Africa is also seeing a boom in the renewable energy industry with over 50 operational solar plants with a total of about 6.7 million solar panels. These panels need to be inspected on a regular basis. “When it comes to these Solar Farms we can outfit our drones with thermal cameras to identify cold spots,” says Hanno. “These cold spots indicate the photocell is dead or not working properly. By flying over the Solar Plants, we save time, money and identify potential issues much faster than traditional inspections.”
In addition to Solar Plants, there’s also the opportunity to perform inspections at Wind Farms with rows of wind Turbines. “Those motors sit about 80 meters above the ground,” Hanno says. “Not to mention the length of their blades. In the traditional manner, you would expose technicians to potential dangers by climbing all the way to the top to perform an inspection. With a drone outfitted with a live camera feed, you can fly close to these blades and inspect them which is obviously much safer than putting someone up there on a rope.”

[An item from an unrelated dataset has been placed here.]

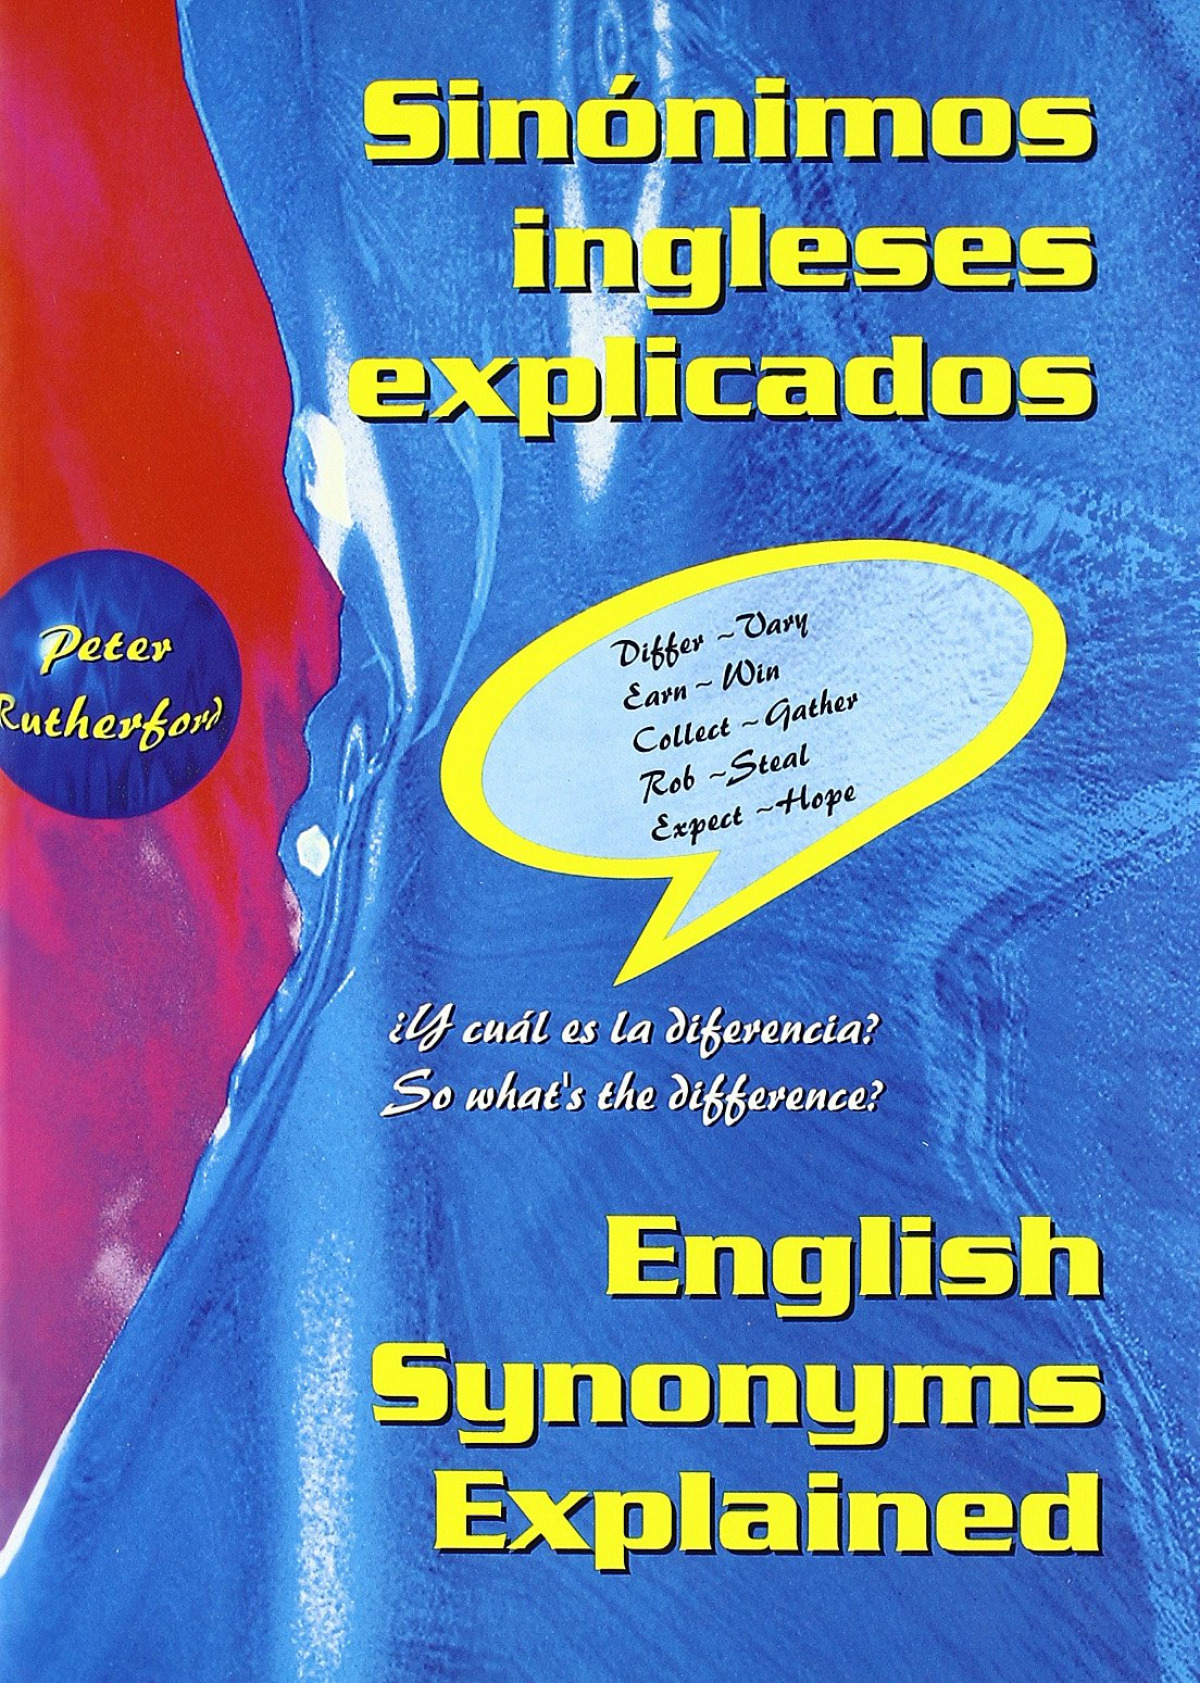 Revisión Matemáticas persona que practica jogging Sinónimos ingleses explicados = English synonyms explained - Librerias  Nobel.es

Hanno is also looking into drone usage for land development and management. Presently, he estimates only 10% of rural land in Africa is mapped. “There’s still many tribes in Africa who maintain their own land producing crops and farming with livestock,” explains Hanno. “Having set boundaries is very important for these tribes. This is where drones can come into play to assist with the actual surveys. Instead of walking hundreds of kilometers, and spending hours and hours in the bush and chopping down trees and creating sight lines, you can use a drone like the mdMapper1000DG to perform the survey from the air.”
Besides surveying, Hanno also sees huge potential for medical supplies delivery. He explains that in countries like Rwanda or Uganda, sometimes delivery of essential medical supplies can take up to 2 days to cover a distance of 50 – 100 kilometers by road. By using drones it can take an hour to reach these places and supply critical medical supplies – it can save lives. He expects much growth, development and potential in the African market as more regulations are adopted and the aviation authorities’ work together to create safe and practical drone guidelines.